Bimtek Pengadaan ALKES dan Obat Tanpa Tender merupakan sebuah program pelatihan atau bimbingan teknis yang dirancang khusus untuk membekali para pejabat pengadaan, Pejabat Pembuat Komitmen (PPK), Pengelola Keuangan, dan pihak-pihak terkait lainnya dengan pengetahuan dan keterampilan yang diperlukan dalam melaksanakan pengadaan alkes dan obat melalui metode non-tender. Pelatihan ini tidak hanya fokus pada aspek prosedural dan regulasi, tetapi juga menekankan pada strategi efisiensi, manajemen risiko, serta pencegahan potensi permasalahan hukum. Melalui bimtek ini, peserta akan memahami secara mendalam kapan dan bagaimana metode pengadaan tanpa tender dapat diaplikasikan secara legal dan etis, sehingga proses pengadaan dapat berjalan lancar, cepat, dan sesuai dengan koridor hukum yang berlaku, sekaligus mendukung upaya pemerintah dalam menjaga integritas pengadaan barang dan jasa di sektor kesehatan.

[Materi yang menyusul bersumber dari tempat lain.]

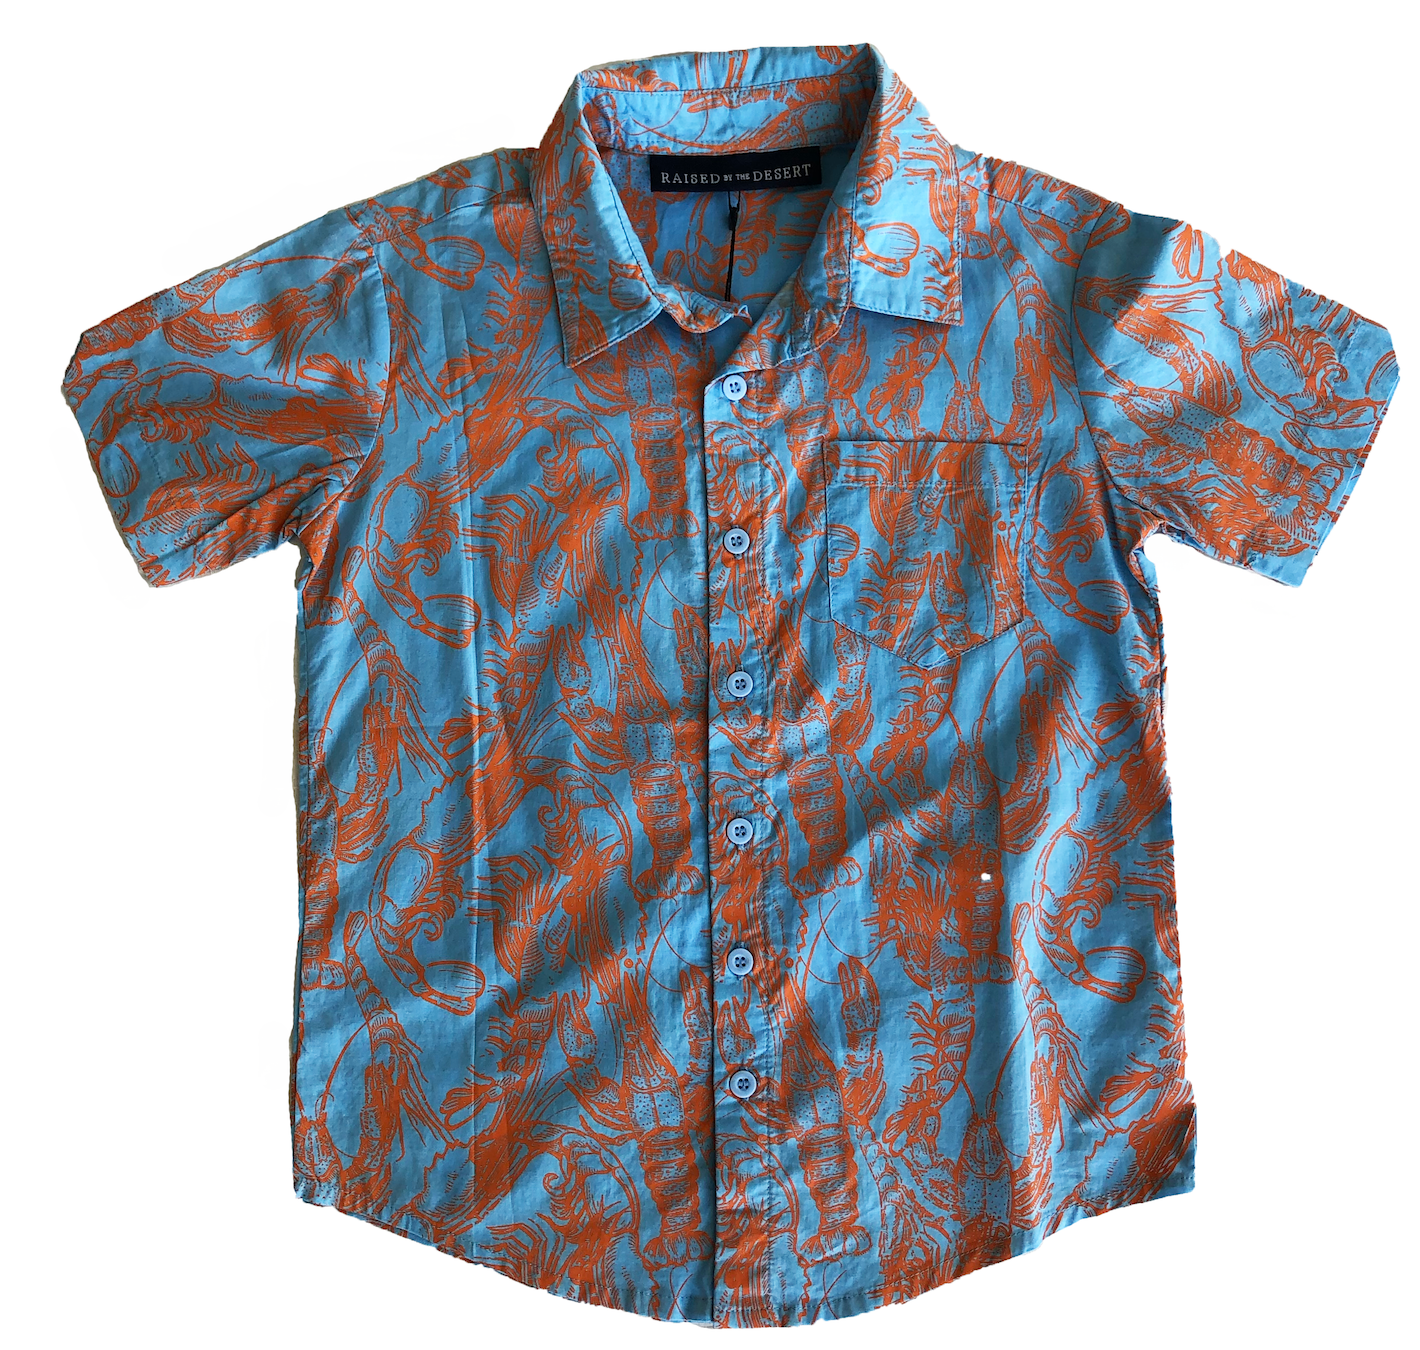 Henry Shirt - Prawn Cracker Turquoise
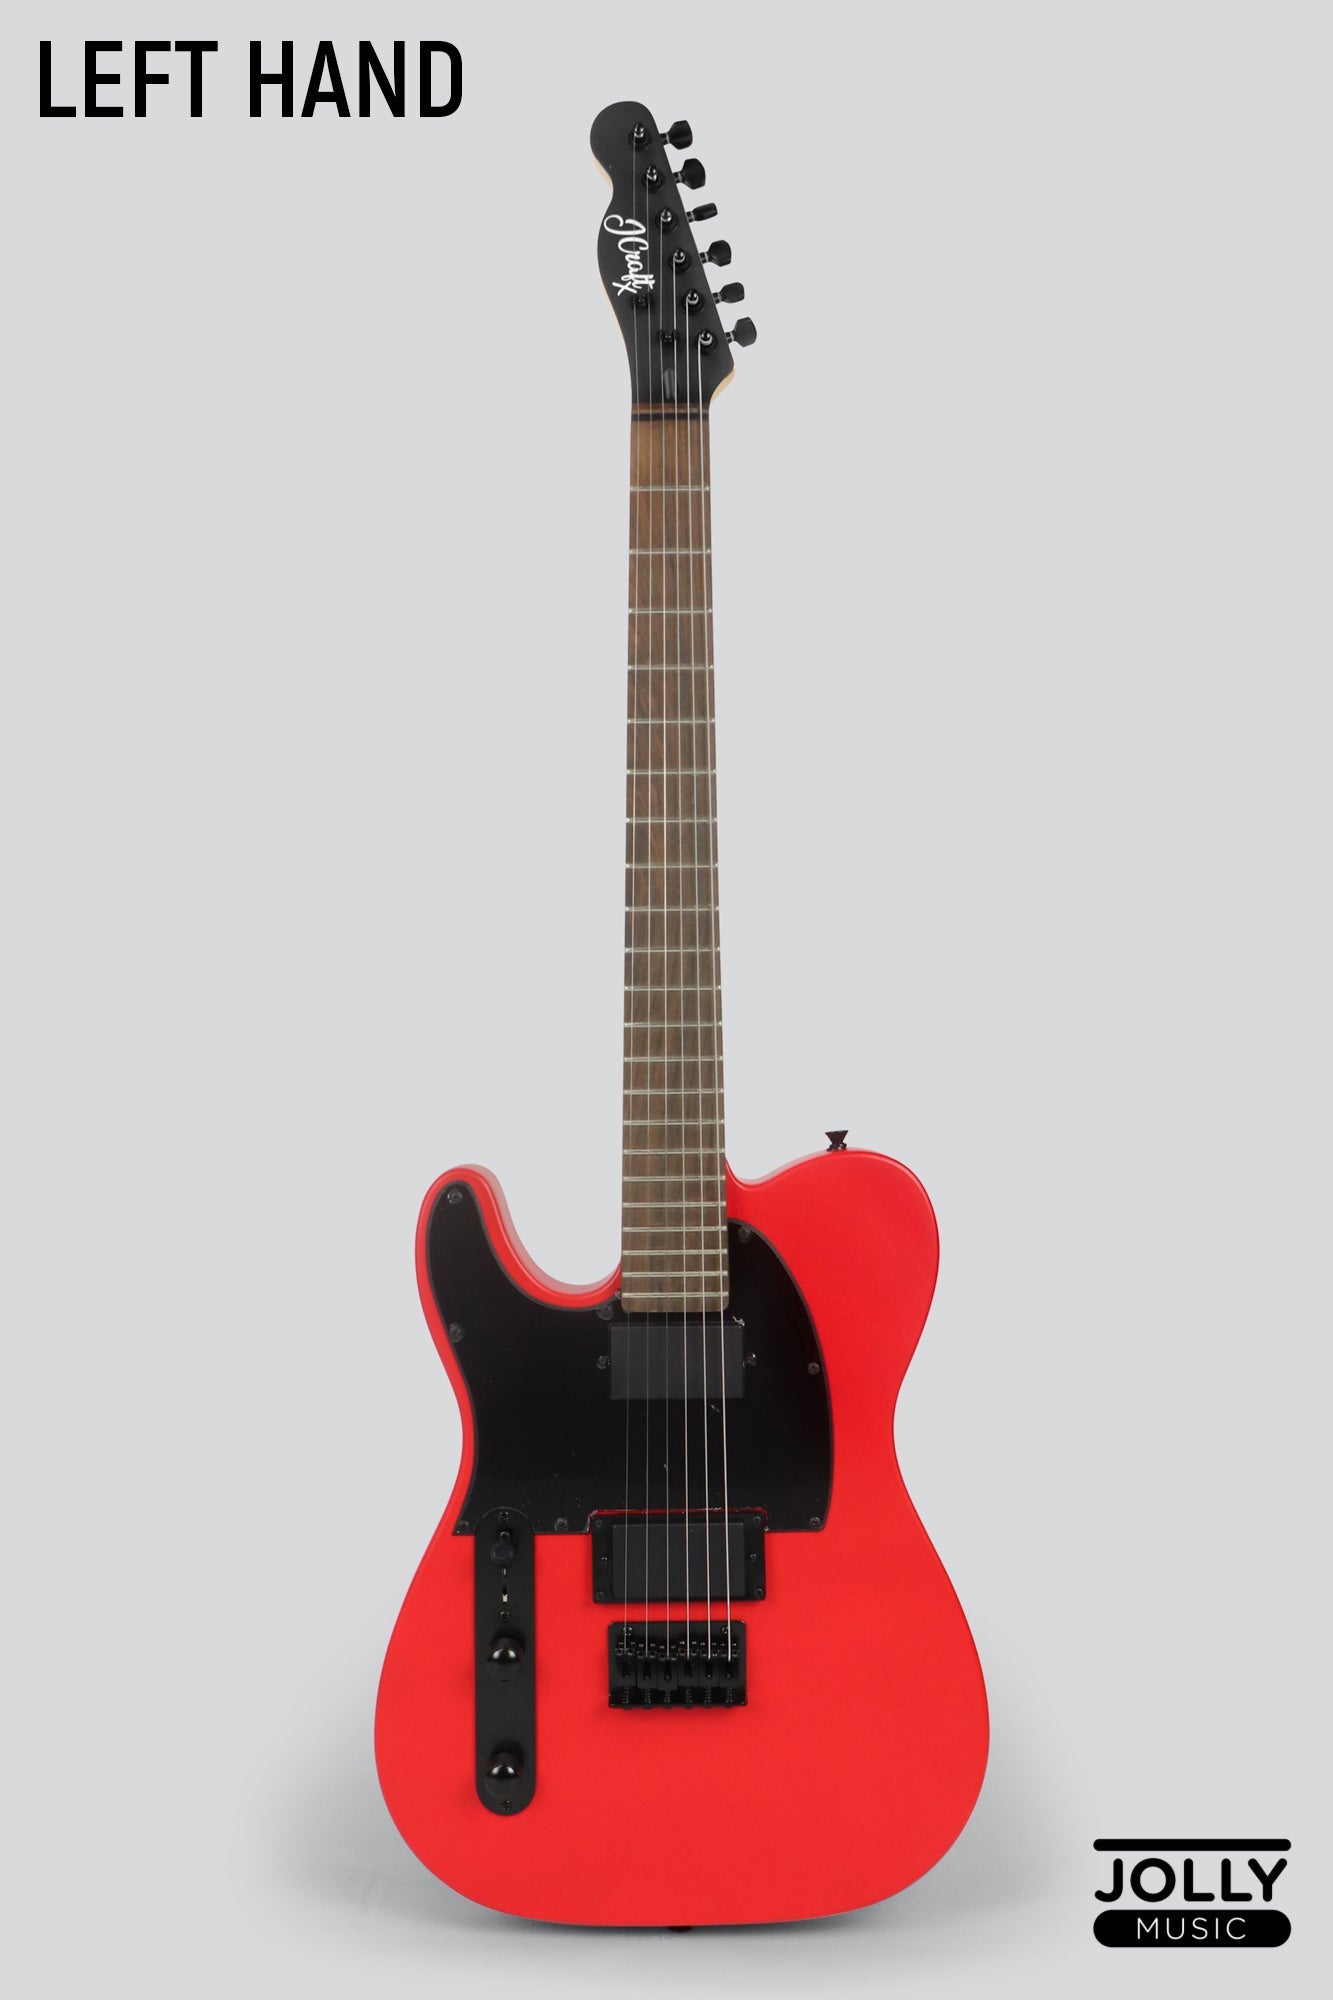 JCraft X Series LTX-1 LEFT HAND Electric Guitar with Gigbag - Lockdown Red Ltd. Ed.

Peran dan Pentingnya Bimtek Pengadaan ALKES & Obat Ini


Mencegah Permasalahan Hukum

Bimtek Pengadaan ALKES & Obat ini berperan krusial dalam membekali para pelaku pengadaan dengan pemahaman mendalam tentang berbagai peraturan dan regulasi terkait pengadaan alkes dan obat tanpa tender. Minimnya pengetahuan mengenai aturan yang sering berubah dan kompleks seringkali menjadi pemicu utama permasalahan hukum. Melalui bimtek, peserta akan diajarkan bagaimana mengidentifikasi potensi risiko hukum, menghindari pelanggaran prosedur, dan mengambil keputusan yang sesuai dengan koridor hukum. Pemahaman yang kuat terhadap regulasi ini akan menjadi tameng utama dalam menghadapi potensi tuntutan hukum atau sanksi administratif, sehingga para pelaku pengadaan dapat bekerja dengan lebih tenang dan percaya diri. Pengetahuan mengenai sanksi dan konsekuensi hukum dari setiap pelanggaran juga akan ditekankan, mendorong kepatuhan yang lebih tinggi.

Meningkatkan Efisiensi dan Efektivitas Pengadaan

Salah satu tujuan utama pengadaan tanpa tender adalah percepatan proses dan efisiensi. Bimtek ini akan memberikan panduan praktis tentang bagaimana mengimplementasikan metode pengadaan tanpa tender secara efektif, mulai dari perencanaan hingga serah terima barang. Peserta akan mempelajari teknik-teknik untuk mengidentifikasi kebutuhan mendesak, memilih metode pengadaan yang paling tepat, serta mengoptimalkan penggunaan e-purchasing dan kontrak payung. Dengan proses yang lebih efisien, instansi dapat menghemat waktu dan sumber daya, yang pada akhirnya akan mempercepat ketersediaan alkes dan obat yang sangat dibutuhkan oleh masyarakat. Pelatihan ini juga akan membahas bagaimana mengukur efisiensi pengadaan dan melakukan perbaikan berkelanjutan.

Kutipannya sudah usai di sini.